START Exercise inputs
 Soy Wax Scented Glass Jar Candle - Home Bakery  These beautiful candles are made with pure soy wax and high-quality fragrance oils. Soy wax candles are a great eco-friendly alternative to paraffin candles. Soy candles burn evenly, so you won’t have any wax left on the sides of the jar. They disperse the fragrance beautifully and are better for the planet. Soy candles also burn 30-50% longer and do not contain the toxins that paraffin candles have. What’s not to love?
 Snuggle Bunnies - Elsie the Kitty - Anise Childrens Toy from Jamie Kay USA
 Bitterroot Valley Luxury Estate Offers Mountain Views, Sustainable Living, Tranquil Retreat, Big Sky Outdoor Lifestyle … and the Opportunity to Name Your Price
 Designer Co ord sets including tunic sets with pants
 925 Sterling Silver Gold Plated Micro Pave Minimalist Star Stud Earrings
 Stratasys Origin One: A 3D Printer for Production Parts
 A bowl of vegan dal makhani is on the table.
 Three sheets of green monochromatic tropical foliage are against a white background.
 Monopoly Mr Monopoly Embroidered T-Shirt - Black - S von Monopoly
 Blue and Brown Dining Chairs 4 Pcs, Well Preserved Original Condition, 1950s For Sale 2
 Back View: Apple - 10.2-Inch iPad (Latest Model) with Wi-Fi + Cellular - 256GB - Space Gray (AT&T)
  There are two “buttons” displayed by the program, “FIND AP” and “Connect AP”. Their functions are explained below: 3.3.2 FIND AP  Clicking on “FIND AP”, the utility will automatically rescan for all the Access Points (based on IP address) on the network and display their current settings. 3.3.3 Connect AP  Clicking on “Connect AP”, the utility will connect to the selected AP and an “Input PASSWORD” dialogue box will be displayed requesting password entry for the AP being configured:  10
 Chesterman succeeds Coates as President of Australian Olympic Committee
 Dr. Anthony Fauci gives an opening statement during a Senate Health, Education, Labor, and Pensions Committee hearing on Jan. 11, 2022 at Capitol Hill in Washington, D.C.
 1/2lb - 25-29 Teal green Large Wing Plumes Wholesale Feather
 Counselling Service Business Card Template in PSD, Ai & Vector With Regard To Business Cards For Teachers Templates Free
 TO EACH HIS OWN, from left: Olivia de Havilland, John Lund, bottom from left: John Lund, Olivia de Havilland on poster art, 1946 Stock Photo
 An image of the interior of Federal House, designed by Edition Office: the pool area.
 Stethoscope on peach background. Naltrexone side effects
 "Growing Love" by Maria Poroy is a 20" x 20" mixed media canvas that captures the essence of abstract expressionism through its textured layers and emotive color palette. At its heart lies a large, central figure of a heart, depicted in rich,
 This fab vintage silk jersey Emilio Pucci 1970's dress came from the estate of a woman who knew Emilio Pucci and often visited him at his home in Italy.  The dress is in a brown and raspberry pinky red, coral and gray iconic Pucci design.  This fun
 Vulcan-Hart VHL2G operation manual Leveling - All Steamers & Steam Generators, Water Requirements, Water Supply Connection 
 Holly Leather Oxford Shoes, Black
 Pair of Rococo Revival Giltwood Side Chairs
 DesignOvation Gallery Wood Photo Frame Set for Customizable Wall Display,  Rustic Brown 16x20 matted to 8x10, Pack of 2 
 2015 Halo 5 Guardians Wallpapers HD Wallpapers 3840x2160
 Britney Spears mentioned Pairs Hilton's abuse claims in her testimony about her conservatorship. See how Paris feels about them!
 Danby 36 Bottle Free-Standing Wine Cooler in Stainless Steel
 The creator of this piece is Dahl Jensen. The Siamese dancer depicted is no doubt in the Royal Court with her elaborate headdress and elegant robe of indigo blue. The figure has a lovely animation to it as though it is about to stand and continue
END Exercise inputs
● Work task
Every entry above should be retyped exactly as shown.

● The completed task
 Soy Wax Scented Glass Jar Candle - Home Bakery  These beautiful candles are made with pure soy wax and high-quality fragrance oils. Soy wax candles are a great eco-friendly alternative to paraffin candles. Soy candles burn evenly, so you won’t have any wax left on the sides of the jar. They disperse the fragrance beautifully and are better for the planet. Soy candles also burn 30-50% longer and do not contain the toxins that paraffin candles have. What’s not to love?
 Snuggle Bunnies - Elsie the Kitty - Anise Childrens Toy from Jamie Kay USA
 Bitterroot Valley Luxury Estate Offers Mountain Views, Sustainable Living, Tranquil Retreat, Big Sky Outdoor Lifestyle … and the Opportunity to Name Your Price
 Designer Co ord sets including tunic sets with pants
 925 Sterling Silver Gold Plated Micro Pave Minimalist Star Stud Earrings
 Stratasys Origin One: A 3D Printer for Production Parts
 A bowl of vegan dal makhani is on the table.
 Three sheets of green monochromatic tropical foliage are against a white background.
 Monopoly Mr Monopoly Embroidered T-Shirt - Black - S von Monopoly
 Blue and Brown Dining Chairs 4 Pcs, Well Preserved Original Condition, 1950s For Sale 2
 Back View: Apple - 10.2-Inch iPad (Latest Model) with Wi-Fi + Cellular - 256GB - Space Gray (AT&T)
  There are two “buttons” displayed by the program, “FIND AP” and “Connect AP”. Their functions are explained below: 3.3.2 FIND AP  Clicking on “FIND AP”, the utility will automatically rescan for all the Access Points (based on IP address) on the network and display their current settings. 3.3.3 Connect AP  Clicking on “Connect AP”, the utility will connect to the selected AP and an “Input PASSWORD” dialogue box will be displayed requesting password entry for the AP being configured:  10
 Chesterman succeeds Coates as President of Australian Olympic Committee
 Dr. Anthony Fauci gives an opening statement during a Senate Health, Education, Labor, and Pensions Committee hearing on Jan. 11, 2022 at Capitol Hill in Washington, D.C.
 1/2lb - 25-29 Teal green Large Wing Plumes Wholesale Feather
 Counselling Service Business Card Template in PSD, Ai & Vector With Regard To Business Cards For Teachers Templates Free
 TO EACH HIS OWN, from left: Olivia de Havilland, John Lund, bottom from left: John Lund, Olivia de Havilland on poster art, 1946 Stock Photo
 An image of the interior of Federal House, designed by Edition Office: the pool area.
 Stethoscope on peach background. Naltrexone side effects
 "Growing Love" by Maria Poroy is a 20" x 20" mixed media canvas that captures the essence of abstract expressionism through its textured layers and emotive color palette. At its heart lies a large, central figure of a heart, depicted in rich,
 This fab vintage silk jersey Emilio Pucci 1970's dress came from the estate of a woman who knew Emilio Pucci and often visited him at his home in Italy.  The dress is in a brown and raspberry pinky red, coral and gray iconic Pucci design.  This fun
 Vulcan-Hart VHL2G operation manual Leveling - All Steamers & Steam Generators, Water Requirements, Water Supply Connection 
 Holly Leather Oxford Shoes, Black
 Pair of Rococo Revival Giltwood Side Chairs
 DesignOvation Gallery Wood Photo Frame Set for Customizable Wall Display,  Rustic Brown 16x20 matted to 8x10, Pack of 2 
 2015 Halo 5 Guardians Wallpapers HD Wallpapers 3840x2160
 Britney Spears mentioned Pairs Hilton's abuse claims in her testimony about her conservatorship. See how Paris feels about them!
 Danby 36 Bottle Free-Standing Wine Cooler in Stainless Steel
 The creator of this piece is Dahl Jensen. The Siamese dancer depicted is no doubt in the Royal Court with her elaborate headdress and elegant robe of indigo blue. The figure has a lovely animation to it as though it is about to stand and continue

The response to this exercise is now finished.